Figure 14. Hazard function comprised of the average of all registration cohort hazard functions plotted on relative course week (where week 0 is the course launch or initial registration week, whichever is later) and truncated at week 21 when the final exam was due. Implied survival function is calculated directly from the average hazard function.
The key insight from this figure is that, within each weekly registration cohort, students are very likely to cease activity during the week that they register and right afterwards. After that, however, hazard proportions drop to below .2 and level out below .1 after the fifth week. Colloquially, if a student gets hooked on a course within the first two weeks—regardless of when s/he starts—s/he is likely to stay, or at least the risk of dropping out in any subsequent week is constant.
This survival model gives some sense of how students persist throughout the whole course, examining the span of time from first action to last action. However, a student could log in only twice, on the first day and the last day, and be counted as “surviving” through the length of the course. This motivates an alternative metric that counts how many discrete days students view course material. Among all registrants, we find that median number of days of activity is two, and 75% of registrants have seven or fewer days of activity.
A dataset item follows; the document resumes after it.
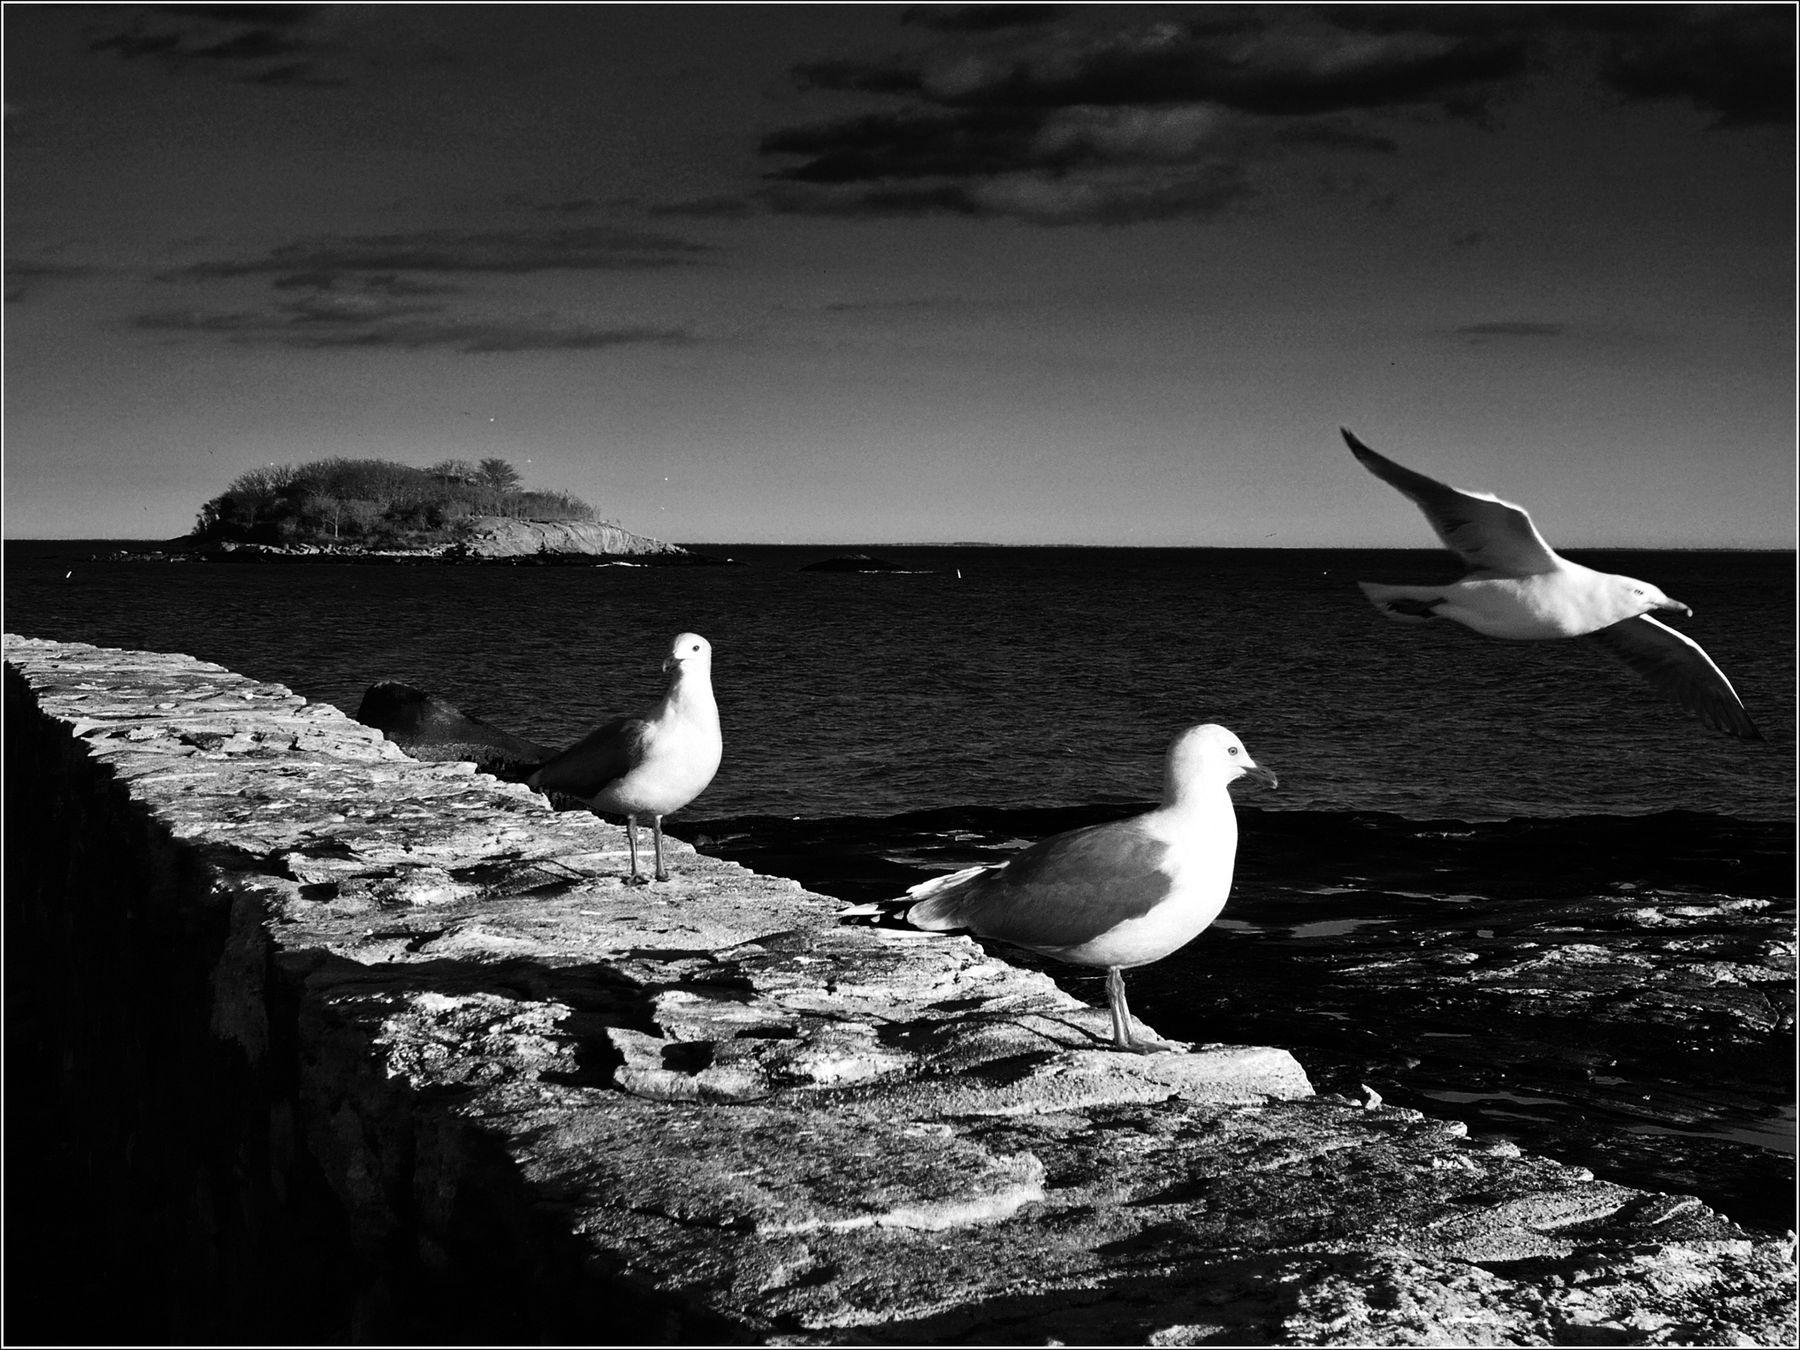 *Чайки Атлантического океана* фотография путешествия Атлантика США берег море чайки весна Коннектикут птицы Фото.Сайт Светлана Мамакина Lihgra Adventure

For a more granular view, therefore, in Figure 15 we examine the daily activity of those who have viewed over half the course (those who “explored”) as well as certificate earners. We see that among these active students, most had between 10 and 40 days of activity, with a long tail of students who spent over 100 days within the period from March 3 to our date of data collection on September 8.
Figure 15. Days with activity, the number of discrete days (demarked in UTC time) during the observational period where participants had at least one action, for explorers and certificate earners (n=8,415).
These contrasting figures illustrate the diversity of ways of participating substantially in the Justice course. Most people took an action one or two days a week over the 26 week period that we examined; however, some students participated over the course of only a few days, and still others engaged much more frequently.